For determining the required plumbing fixture counts, do I consider the Fitness Center occupancy to be A-3, or B based on Section 303.1.1 Small buildings and tenant spaces? 303.1.1 says tenant spaces with an occupant load of less than 50 shall be classified as a Group B occupancy.

The local code official I talked to, who is the Fire Protection Manager, said I only needed to provide one single-user restroom for men and one for women, but I hadn't thought of this possibility of it being considered a B occupancy when I was speaking with him. B occupancy would require more fixtures.


----------



## mtlogcabin (Sep 14, 2016)

22 male and 22 female will meet the 1 per 25 if you install one single-user restroom for men and one for women in a "B" occupancy


----------



## fj80 (Sep 14, 2016)

Thank you, mtlogcabin. I was forgetting to divide my occupant in half. Whew!


----------



## JBI (Sep 14, 2016)

fj80 said:


> Thank you, mtlogcabin. I was forgetting to divide my occupant in half. Whew!

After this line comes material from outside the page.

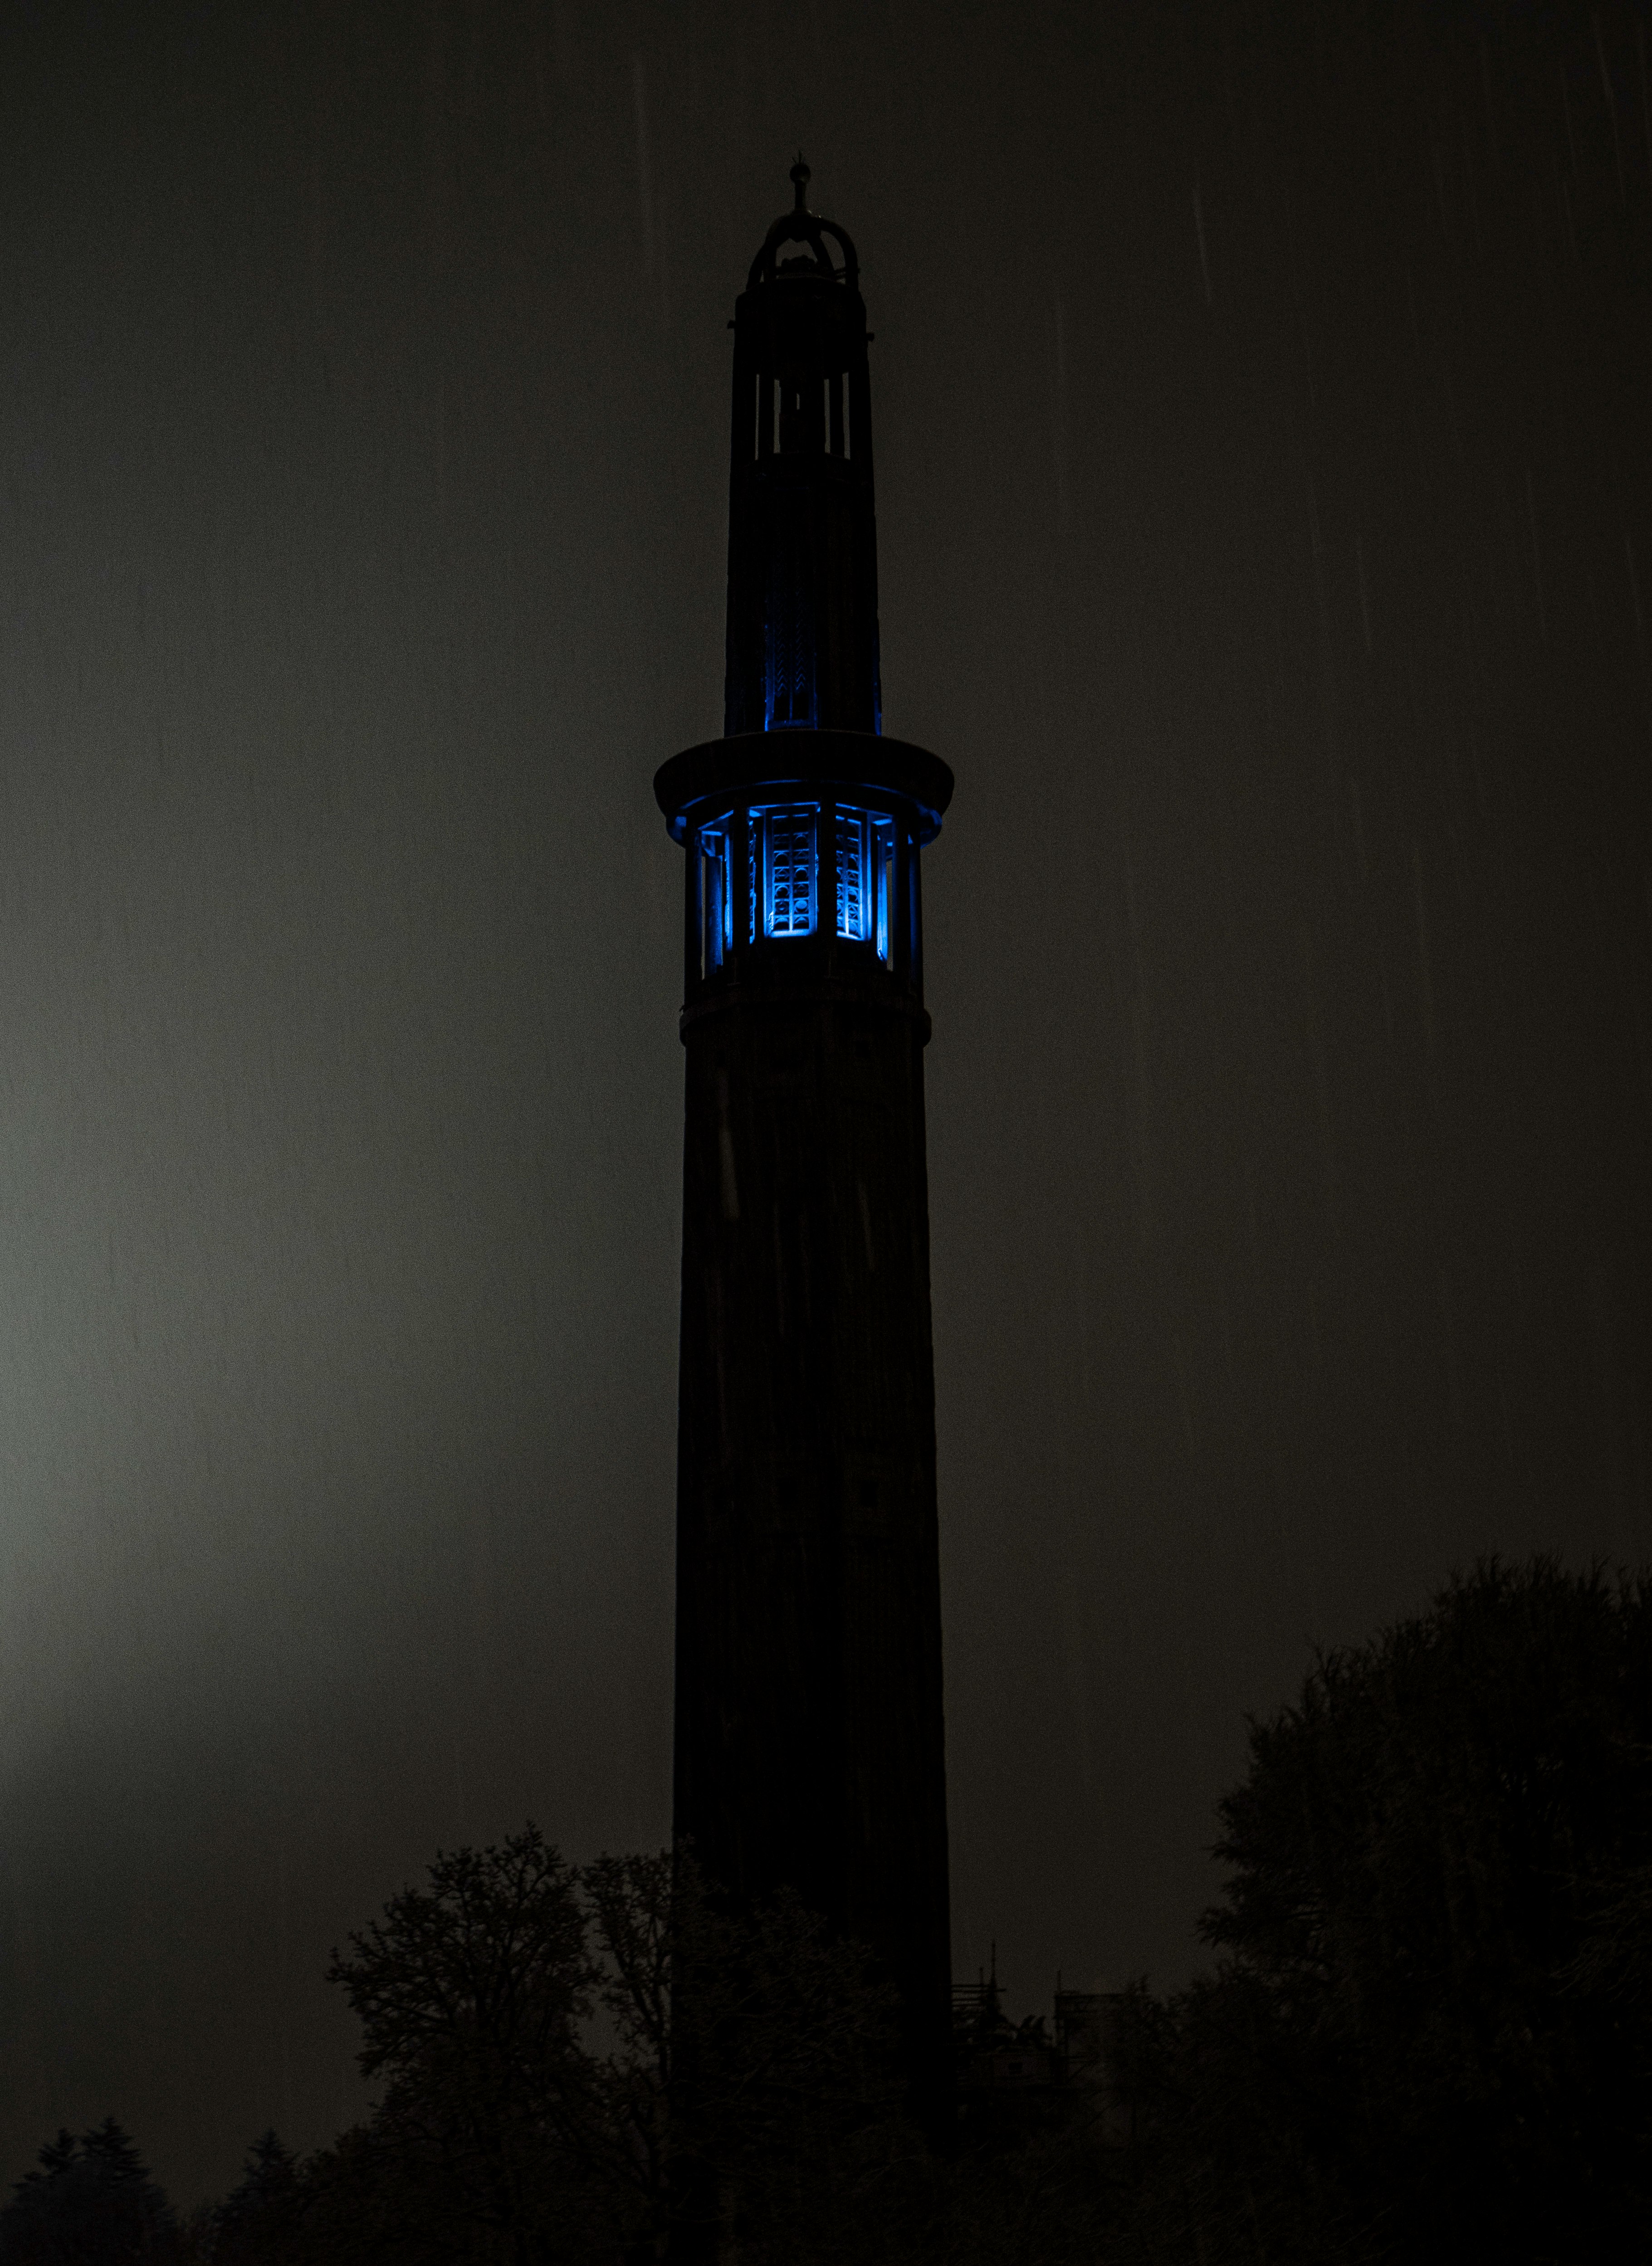 silhouette of tower during night time

Always let the text send you to the tables.


----------



## JPohling (Sep 14, 2016)

In the California Plumbing Code there is an exception for B and M occupancies less than 50 to allow a single unisex restroom  CPC 422.2 exception 3.  Not sure if you have something like that?


----------



## Examiner (Sep 28, 2016)

Under 50-people for a space used for assembly/recreation is Business occupancy classification.  You will need to determine the plumbing fixture count on the use group of the space which is A-3 even though the major occupancy is Business.  I say this because the occupant load of each space is determined by the use group of that space.  The individual occupancy use of all the spaces determines the occupant load for the building.  For example you cannot say the entire building is a Group B classification and size its occupant load at 100-sf/person when the building also contains other rooms being used as different occupancy's; such as Storage, small meeting rooms, classroom (not Educational grades 1-12), laboratories etc.  The Table to determine occupant load for the room's intended use list the loading requirements.  You have to total all the different use groups to get the occupant load for egress and the toilet fixture count.  The Plumbing Code also addresses you have to round up the occupant load when you are dealing with a single occupant load but when you have multi occupant loads you can round up the accumulated total load of all the different use groups.  I have made spreadsheets for plumbing fixture counts when a building has a variety of different use groups.  But I have to do a spreadsheet also to determine the individual occupant loads for the different use groups to get my totals for each occupancy use group to use in the Plumbing fixture spread sheet.


----------



## Sifu (Nov 29, 2022)

When calculating the plumbing fixtures using the IPC for a fitness center (weights, cardio, yoga etc.) be considered a gymnasium, at 1/125 & 65, or a business at 1/25 for the first 50 then 1/50?


----------



## my250r11 (Dec 13, 2022)

I would use the load for that spaces use. if less than 50 then can be classified as a B but the use is still an assembly use for occupant load.


----------